Relationship between growth velocity and change of levels of insulin-like growth factor-1, insulin-like growth factor binding protein-3 and, IGFBP-3 promoter polymorphism during GnRH agonist treatment
Article information
Abstract
Purpose
This study aims to investigate the effect of gonadotropin-releasing hormone agonist (GnRHa) on the growth hormone (GH)-insulin-like growth factor-1 (IGF-1) axis and to evaluate whether -202 A/C IGF binding protein-3 (IGFBP-3) promoter polymorphism affects growth velocity in females with central precocious puberty (CPP) during treatment.
Methods
Data was collected from 97 females younger than 9 years, diagnosed with precocious puberty and treated with GnRHa for at least 1 year at Kangdong Sacred Heart Hospital from 2014 to 2015. Their body height, weight, change in height standard deviation score (∆SDS), serum IGF-1, serum IGFBP-3, bone age, and -202 A/C IGFBP-3 promoter polymorphism were measured before and after GnRHa treatment. The interrelationships between the variables were calculated.
Results
During treatment, height SDS, IGF-1 SDS, IGFBP-3 SDS, and IGF-1/IGFBP-3 ratio significantly decreased. A significant correlation was observed between ∆IGF-1 SDS and ∆height SDS (r=0.405, P<0.001). The presence of the C allele was significantly correlated with IGF-1 SDS after treatment (P=0.049) and with IGFBP-3 SDS before and after treatment (P=0.012 and P=0.001), but not with ∆IGF-1 SDS, ∆IGFBP-3 SDS, ∆IGF-1/IGFBP-3 ratio, or ∆height SDS.
Conclusions
Growth velocity during GnRHa treatment is related to ∆IGF-1 SDS, indicating the apparent impact of GnRHa on the GH-IGF-1 axis. The -202 A/C IGFBP-3 promoter polymorphism does not affect the growth velocity of GnRHa in CPP girls.
Introduction
When females and males younger than 8 and 9 years, respectively, undergo secondary sexual changes caused by stimulation of the hypothalamic-pituitary-gonadal axis, they are diagnosed with central precocious puberty (CPP) [1]. A recent study reported an increasing number of CPP patients in South Korea from 2008 to 2014 [2]. Concerns regarding the negative effects of CPP are increasing, one of which includes reduced stature caused by accelerated early growth and bone maturation [3].

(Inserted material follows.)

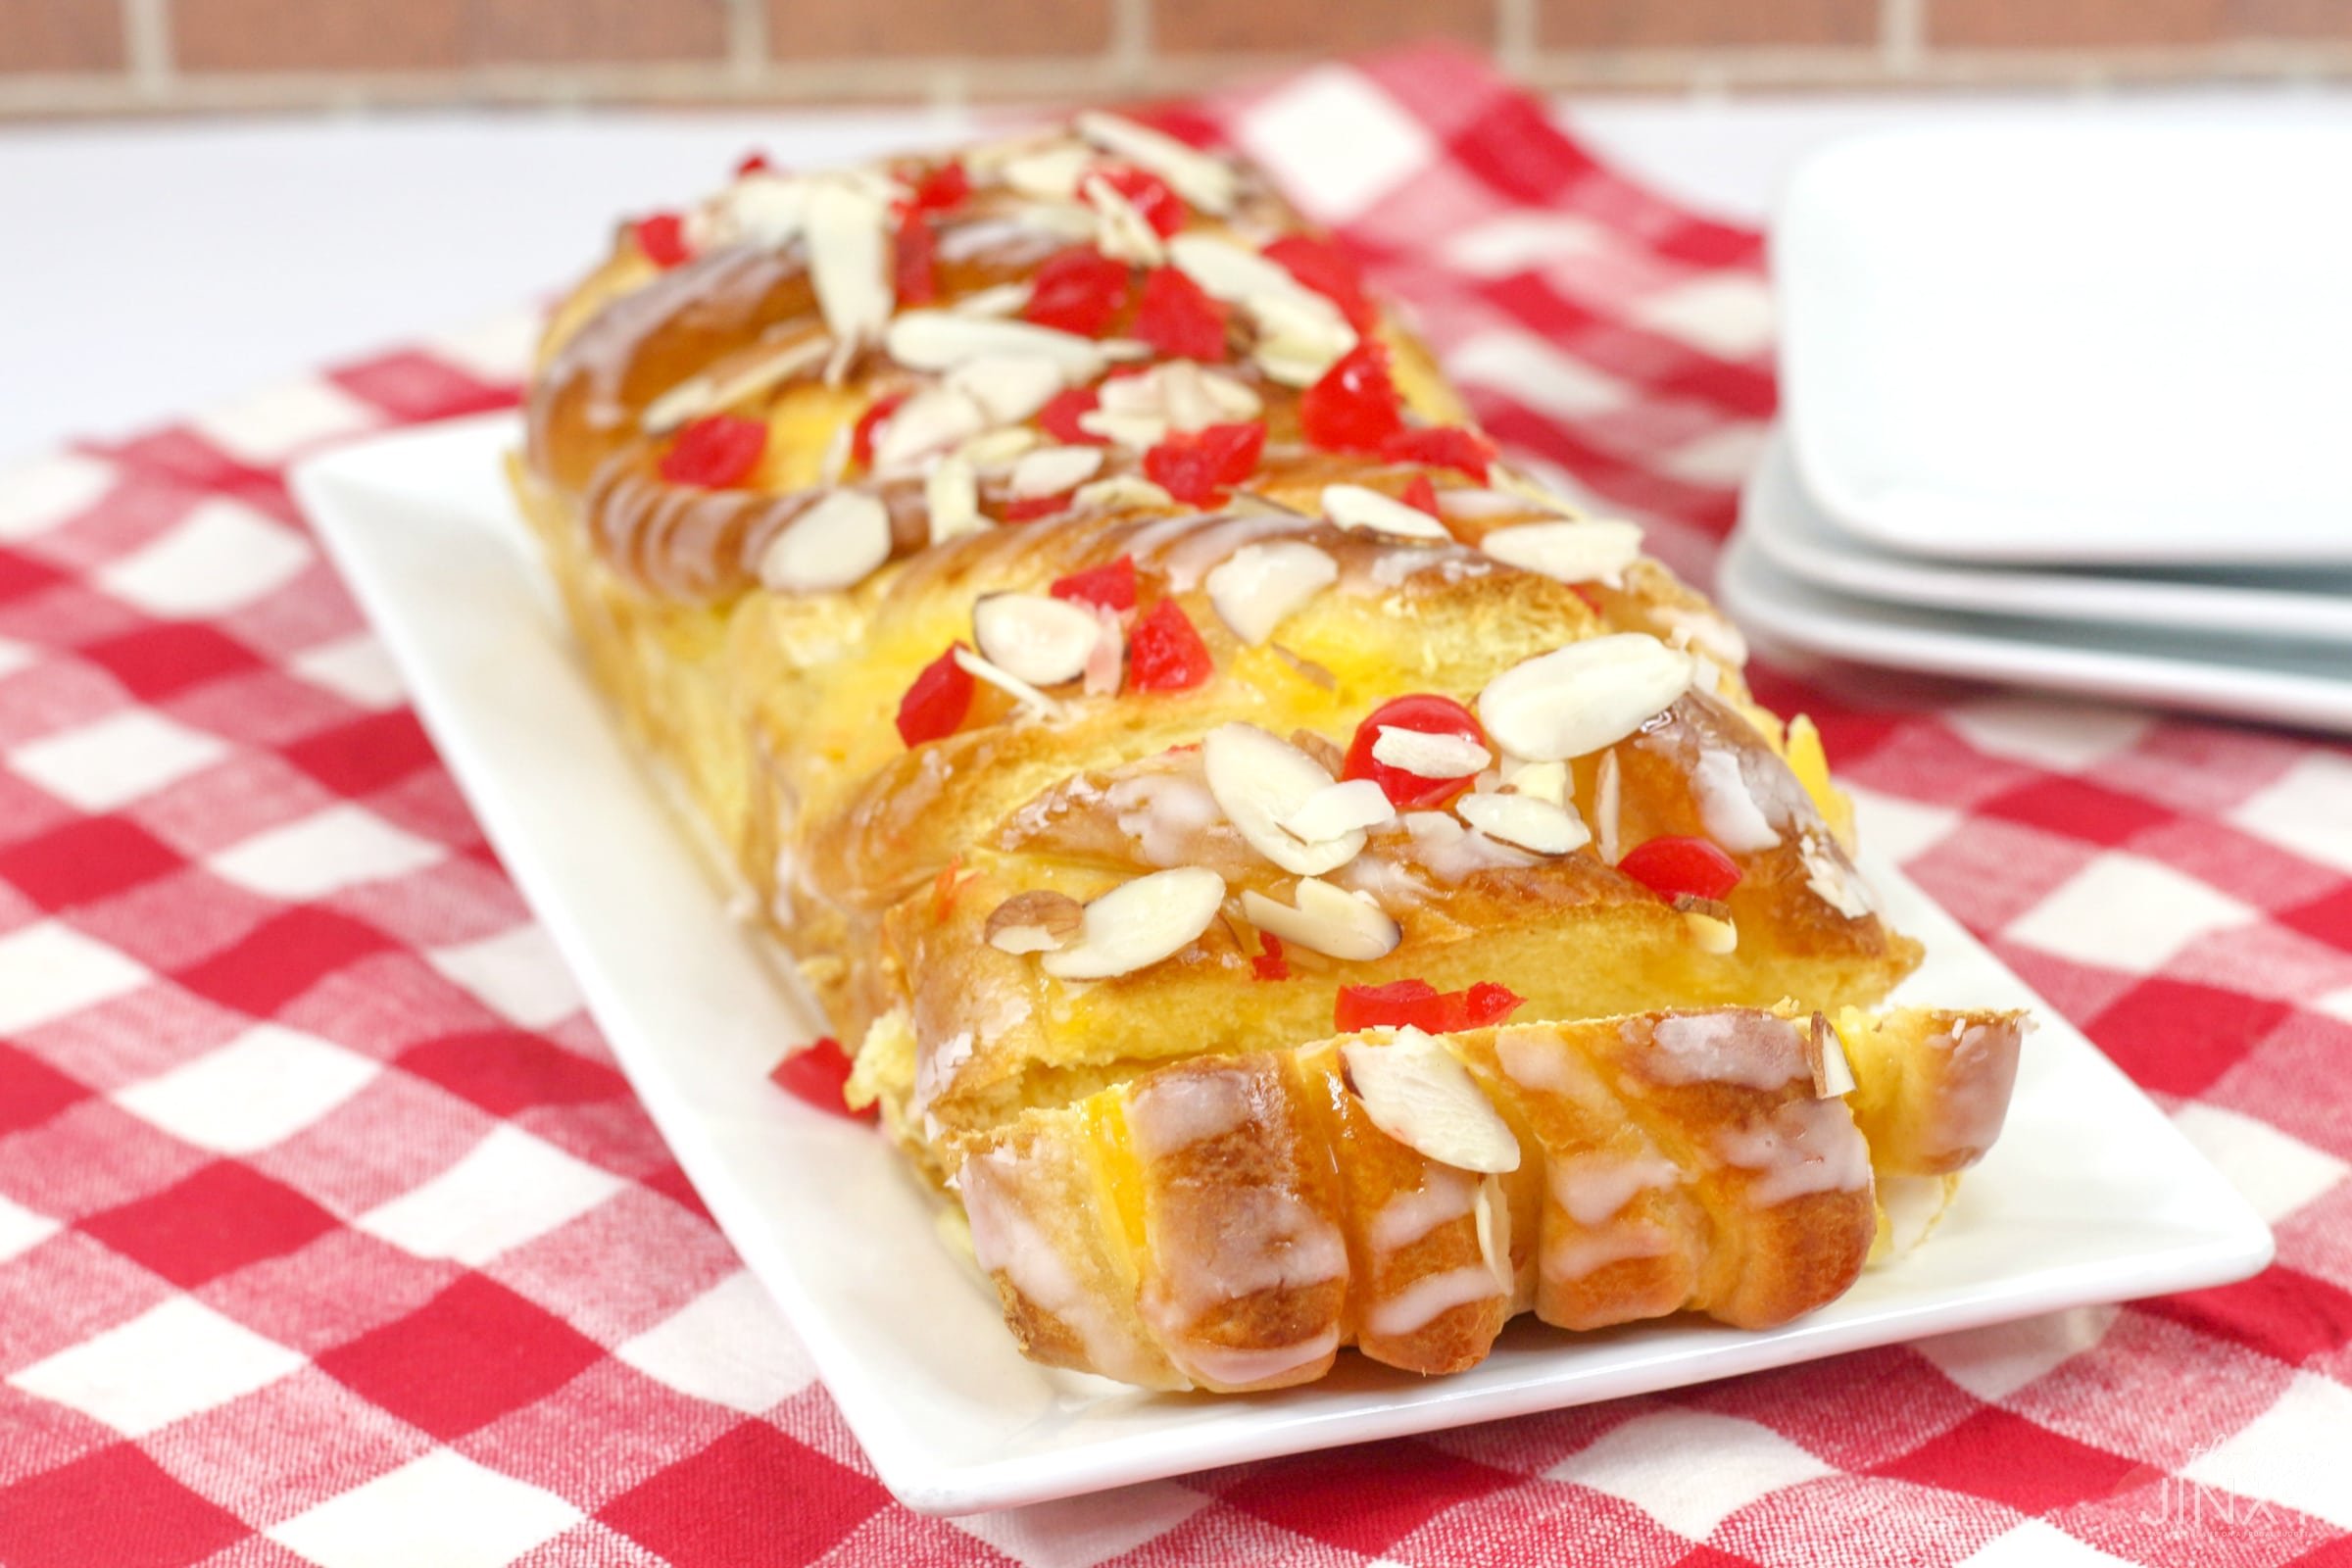 Japanese Condensed Milk Bread with Cherries and Almonds
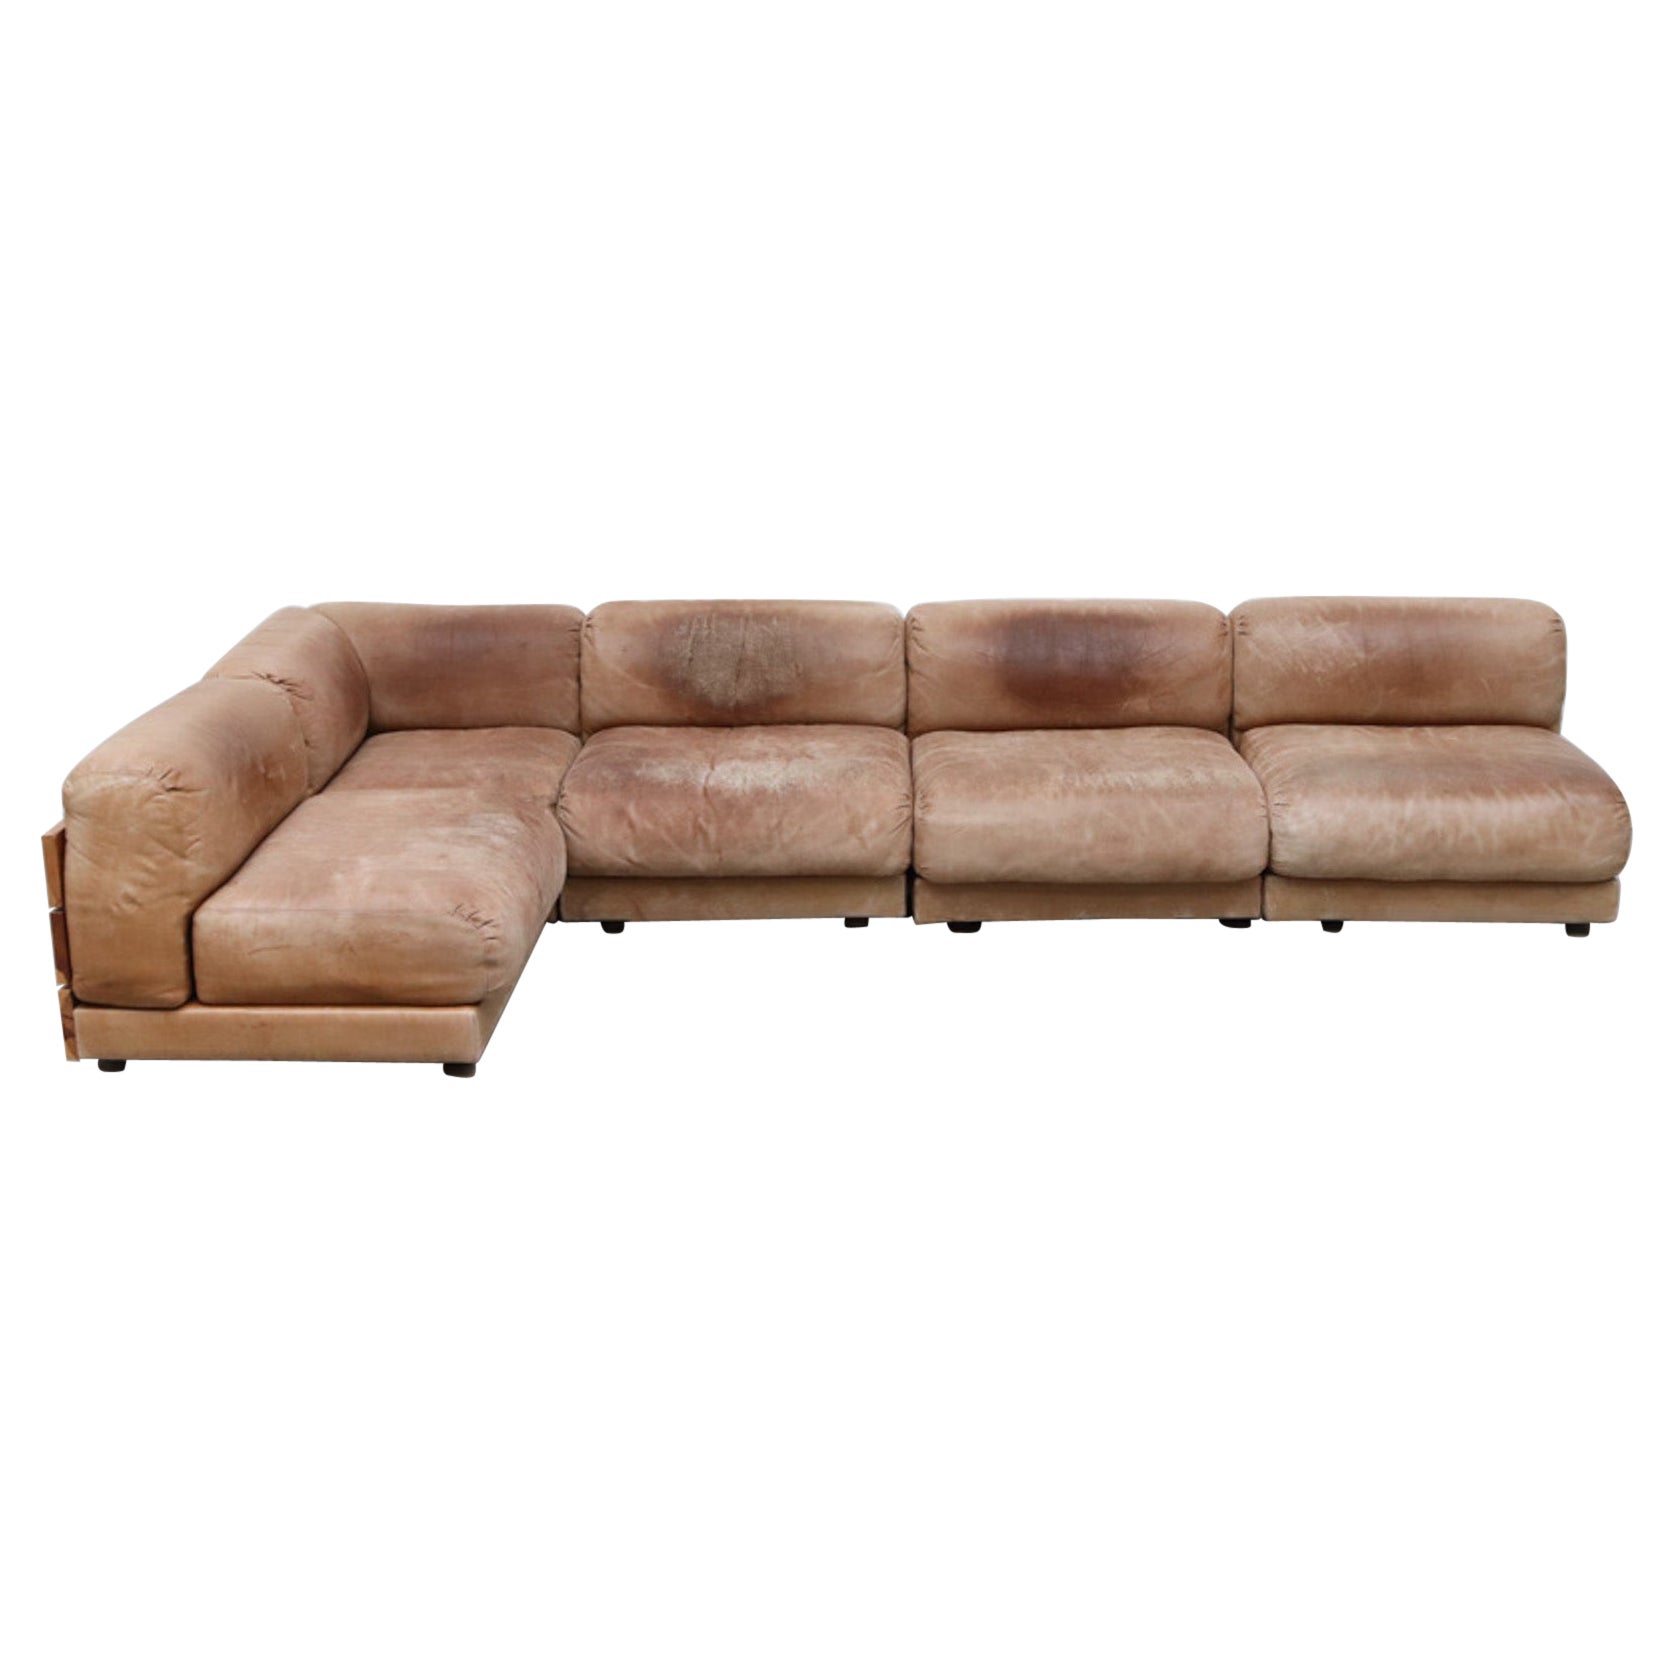 Handsome Dutch Leather and Pine Plank Sectional Sofa

Gonadotropin-releasing hormone agonist (GnRHa) is the treatment of choice in CPP patients because it increases final adult height by reducing progression of bone age (BA) and extending the duration of growth [4]. GnRHa induces downregulation of the hormonal axis and decreases the production of luteinizing hormone (LH) and follicle-stimulating hormone, resulting in gonadal suppression. These sex hormones are responsible for early bone maturation and pubertal growth spurts. Therefore, gonadal suppression delays bone maturation and growth velocity to those of prepuberty levels [5].
Multiple factors such as initial chronological age (CA), initial height, target height, and BA advancement affect the treatment response and final height [6-8]. GnRHa treatment increases serum growth hormone-binding protein concentration and decreases serum IGF-I and IGFBP-3 concentrations [9]. However, predicting final height remains a challenge due to the variable factors affecting the treatment outcome and the course of precocious puberty.
Other genetic components are presumed to influence the competence of GnRHa. Specifically, -202 A/C IGFBP-3 promoter polymorphism is associated with increased IGFBP-3 level and growth velocity during growth hormone (GH) treatment for prepubertal GH deficiency [10,11]. Another study revealed the effect of -202 A/C IGFBP-3 promoter polymorphism on the physical development of Korean females. However, its effect was unclear [12].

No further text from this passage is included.